The song leader stood very cautiously and announced with a smile, "For our closing song, let us sing Hymn #365: 'Shall We Gather at the River'."

A Sunday school teacher asked her class, "What was Jesus' mother's name?" One child answered, "Mary."

The teacher then asked, "Who knows what Jesus' father's name was?“ A little kid said, "Verge."

Confused, the teacher asked, "Where did you get that?“

The kid said, "Well, you know, they are always talking about Verge n' Mary.''

A Sunday school teacher asked her children as they were on the way to church service,

"And why is it necessary to be quiet in church?"

One bright little girl replied, "Because people are sleeping."

A pastor decides to visit some of his flock on a Saturday afternoon. He knocks at a door. Her thinks he hears someone inside but no one comes to the door. The pastor takes out a business card and writes on it Rev 3:20 which says, "I stand at the door and knock if you but open the door I will come in and eat with you and you with me." On Sunday his card appears in the collection plate on it is written Gen 3:10 that says, " I heard your voice from the garden but I was afraid I was naked and I hid myself."

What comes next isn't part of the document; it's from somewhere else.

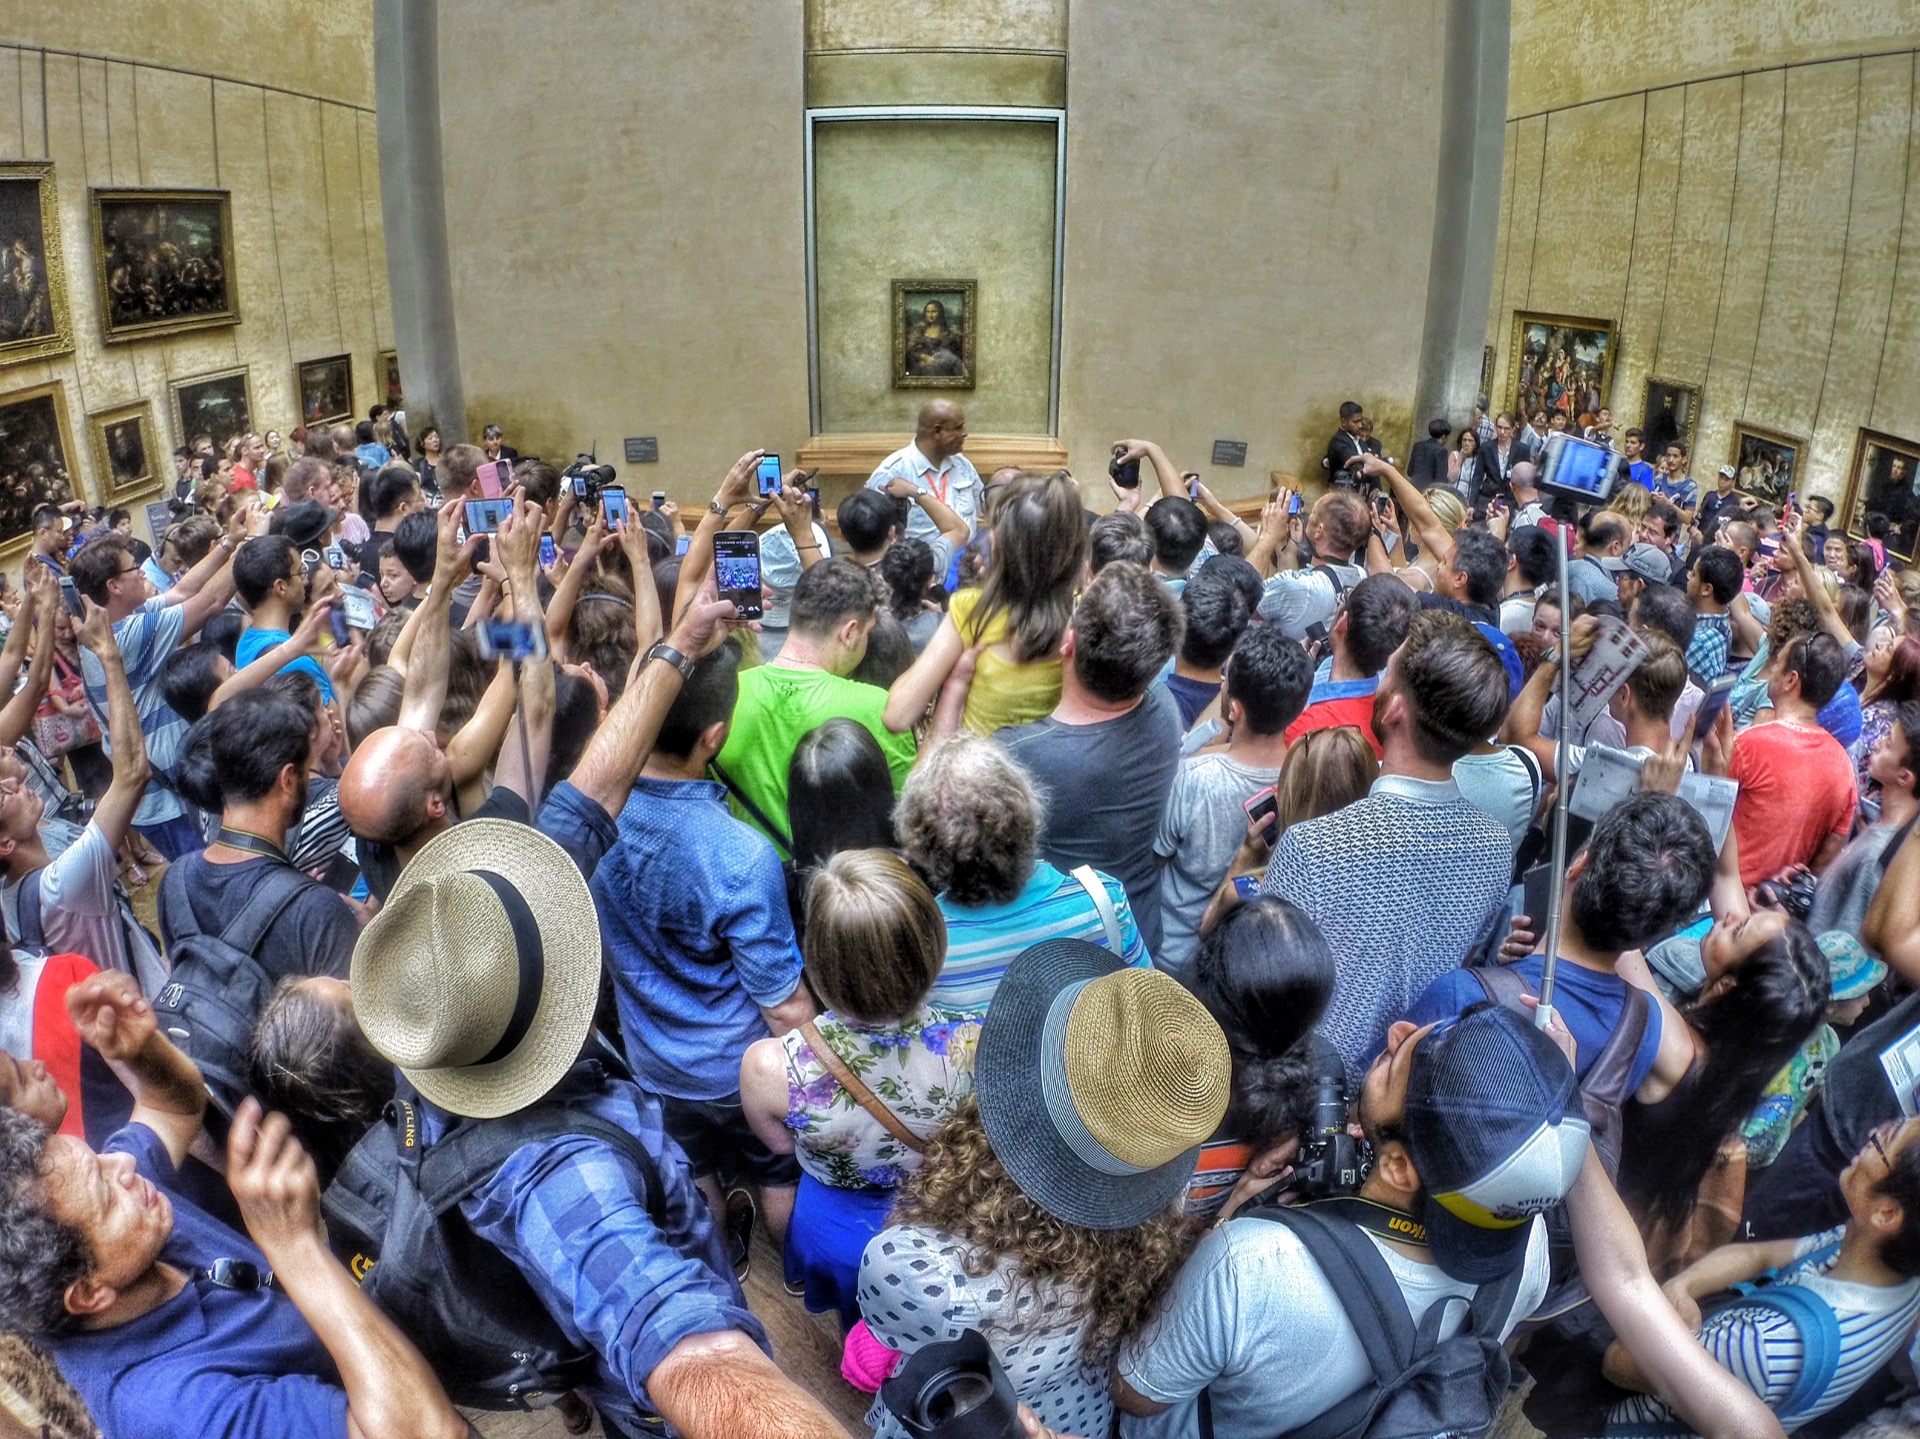 La foule devant la Joconde, le tableau de Léonard de Vinci. Palais du Louvre, Paris. © Max Fercondini, Wikimedia Commons, CC by-sa 4.0

What US state is mentioned in the bible?

Arkansaw.  "Noah looked out of the ark and saw..."

A 7-year old boy proudly tells his father: "I finally know what the Bible means!"

Surprised the father replied: "What do you mean, you "know" what the Bible means? What does it mean?"

"That's easy, dad.......It stands for Basic Instructions Before Leaving Earth."

The first mention of a cigarette in the Bible was in Genesis.